スイスの季節調整済み失業率は3月に3%で横ばいとなった。前月から変化はない。
このデータは前月比(month-on-month)で、季節調整済み(季節要因で毎年繰り返す増減をならして比較しやすくした数値)である。3月の公表値は3%だった。
スイス労働市場は下げ止まり
3月の失業率が3%で変わらなかったことは、弱含んでいたスイスの労働市場(雇用の状況)が下げ止まった可能性を示す。改善ではないが、景気が急速に悪化する懸念はいったん後退する。これにより、スイス国立銀行(SNB:スイスの中央銀行)は次回会合で「様子見」を続ける公算が大きい。
2月のインフレ率(物価の上昇率)が1.3%と低かったことを踏まえると、雇用指標が伸びない中での追加利上げは考えにくい。市場では夏までに利下げ(政策金利を引き下げること)観測が強まりやすい。短期金利の指標であるSARON(スイスの翌日物平均金利)に連動する先物(将来の金利水準を売買する取引)のオプション(将来、決めた価格で売買できる権利)では、SNBのハト派(金融引き締めに慎重)寄りの見方を織り込む形で値付けが進む可能性がある。
この流れはスイスフランに下押し圧力となりやすい。欧州中央銀行(ECB)が主要金利を4.0%で据え置いているため、金利差(国・通貨間の金利の開き)が拡大し、フランを保有する魅力が相対的に低下する。EUR/CHF(ユーロ/スイスフラン)を買い持ち(ロング:上昇を見込んで保有)し、今後数週間でユーロ高・フラン安を見込む戦略が意識される。

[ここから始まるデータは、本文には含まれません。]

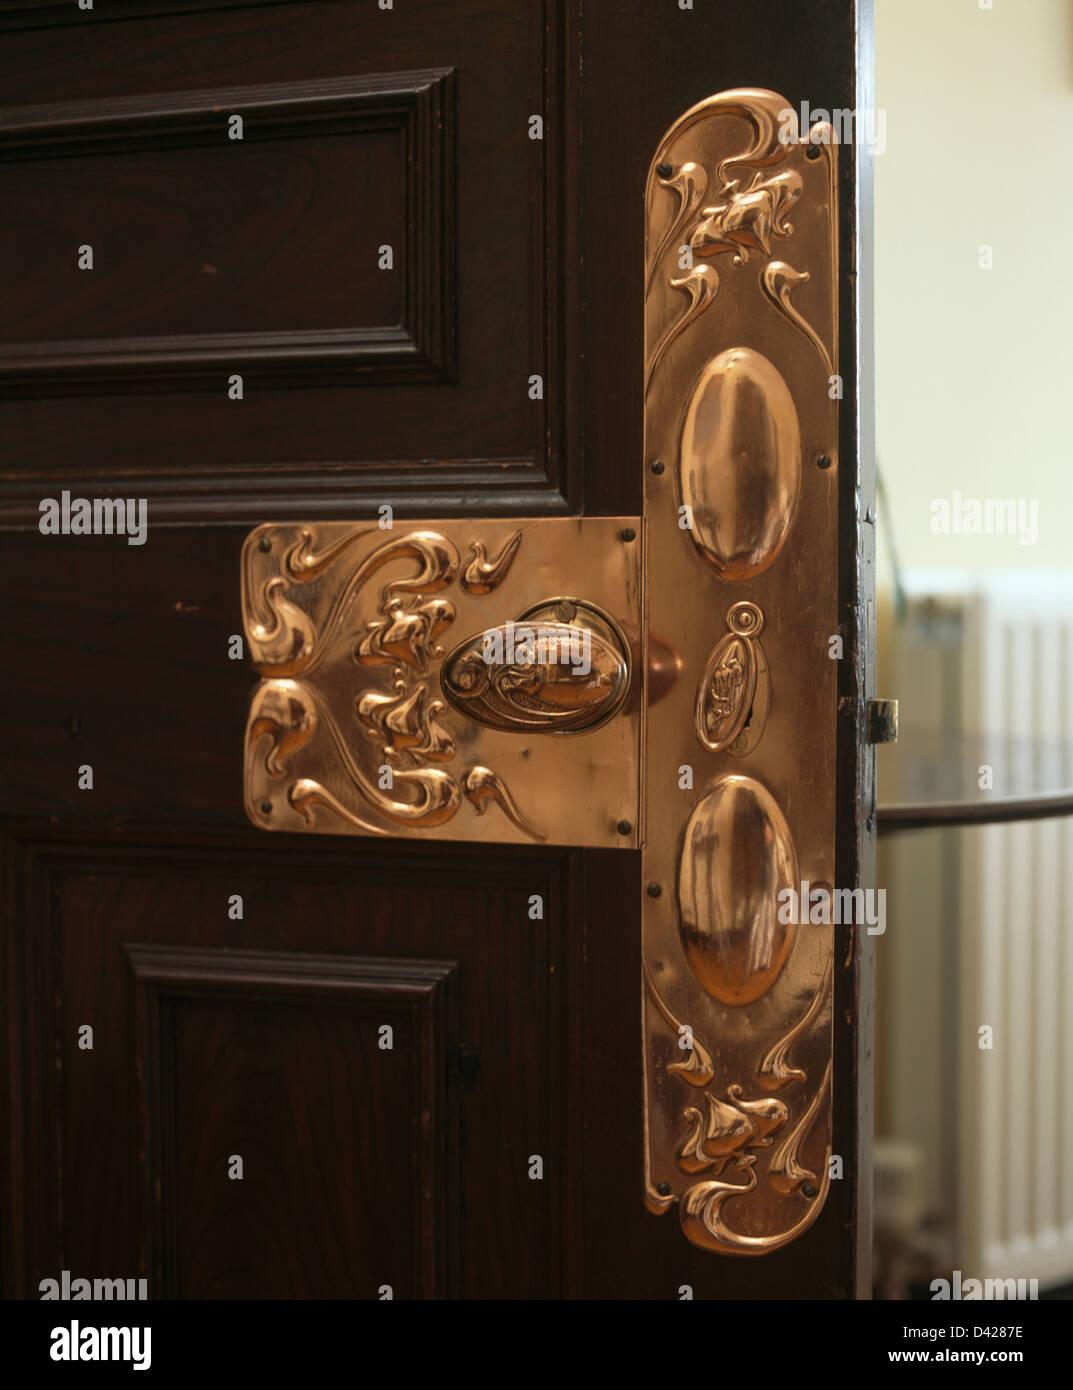 plate art nouveau stock photos plate art nouveau stock. Black Bedroom Furniture Sets. Home Design Ideas

過去を振り返ると、SNBは2024年3月に主要中銀に先駆けて利下げを行い、市場の予想を外した経緯がある。先回りで景気を支える姿勢を示した例であり、現時点でフラン高に強気になりすぎるのは注意が必要だ。
SMIの戦略への示唆
スイス株式市場指数(SMI)にとっては、上値が限られやすい環境だ。失業率3%は、2024年の多くの期間に見られた2.2%より明確に高く、企業にとっての消費需要が弱くなりやすいことを示す。このため、指数が横ばいになりやすい局面では、カバード・コール(現物を保有しつつコールオプションを売ってプレミアム収入を得る手法)を売る戦略が収益化を狙える。